(ENTRIES SUPPLIED)

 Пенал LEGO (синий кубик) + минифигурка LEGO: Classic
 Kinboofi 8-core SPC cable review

(End ENTRIES SUPPLIED)
(ENTRIES SUPPLIED)

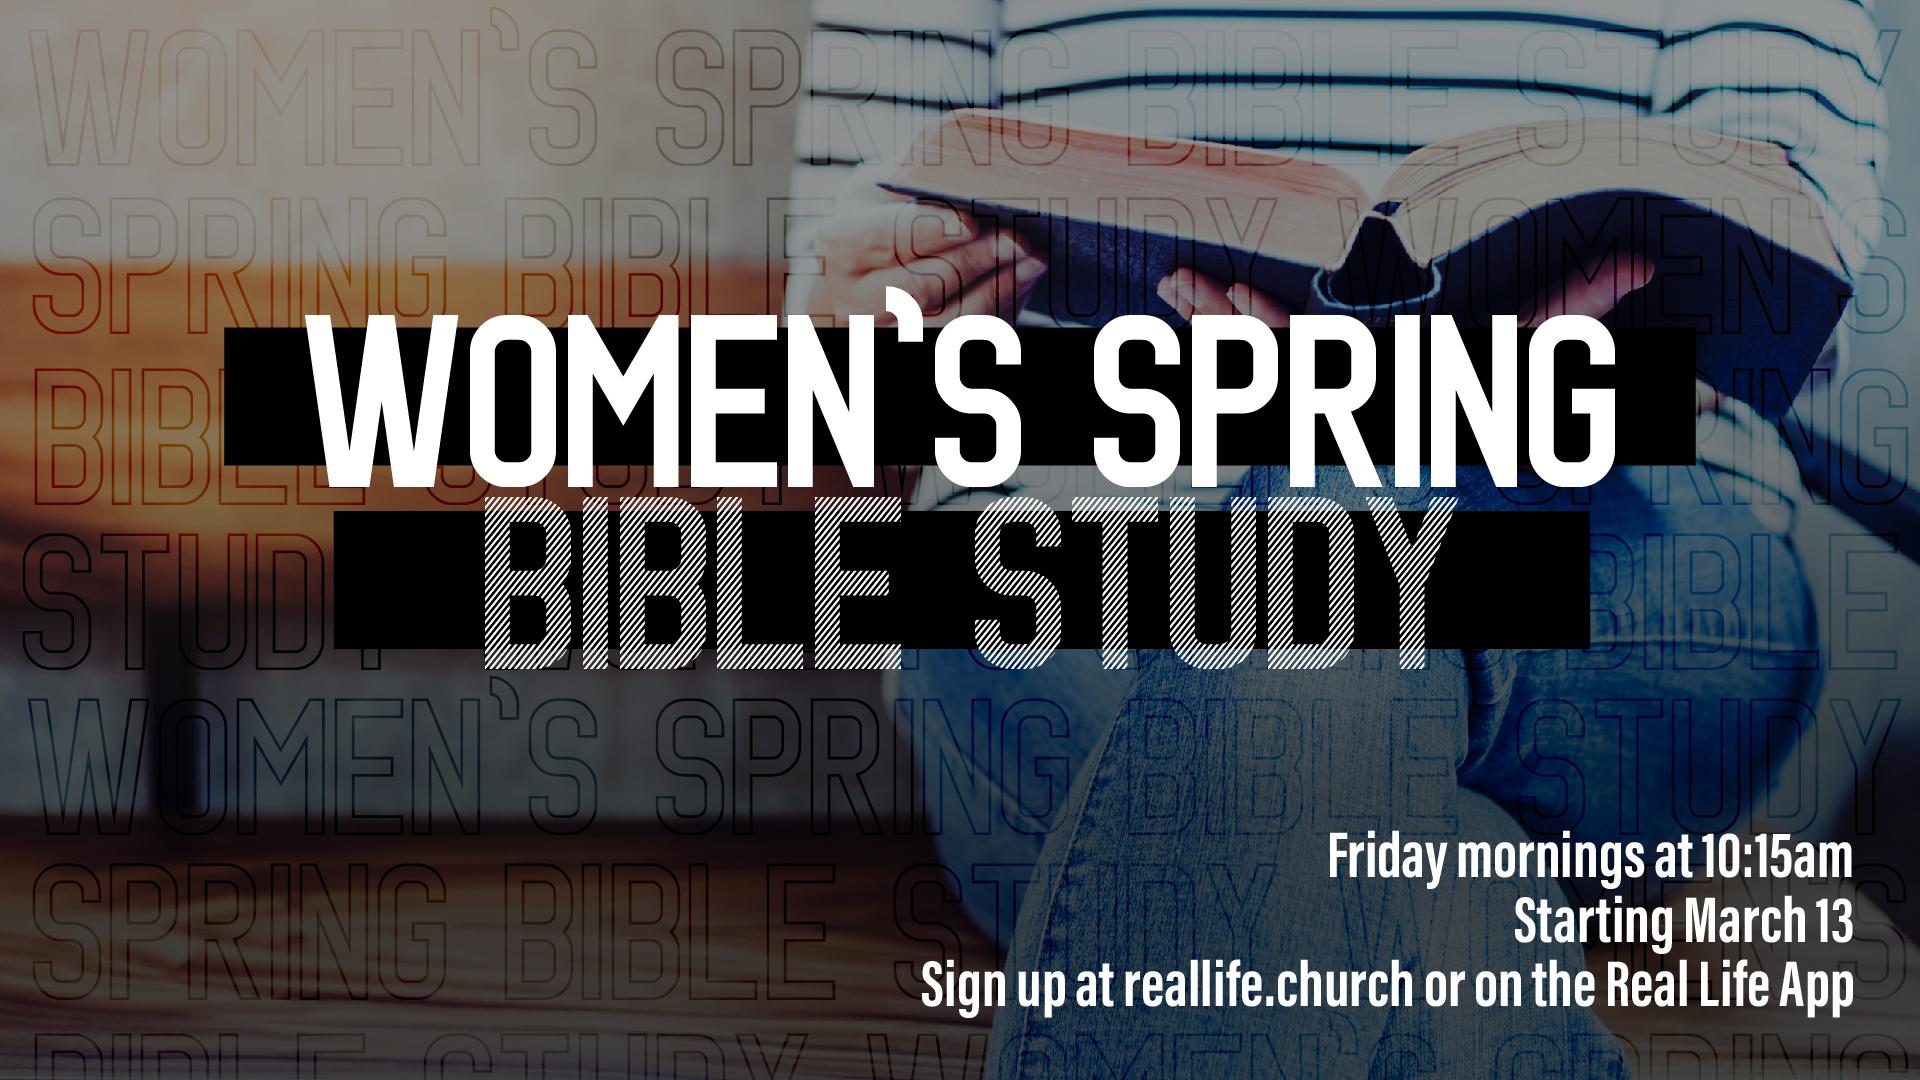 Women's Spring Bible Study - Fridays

(End ENTRIES SUPPLIED)

> _ACTIVITY_: Retype word for word everything in the listing above from the line that holds "Пенал LEGO (синий" down to the line that holds "Kinboofi 8-core SPC cable review". Keep both end lines and leave out the rest.

> _OUTPUT OF THE TASK_:
 Пенал LEGO (синий кубик) + минифигурка LEGO: Classic
 Kinboofi 8-core SPC cable review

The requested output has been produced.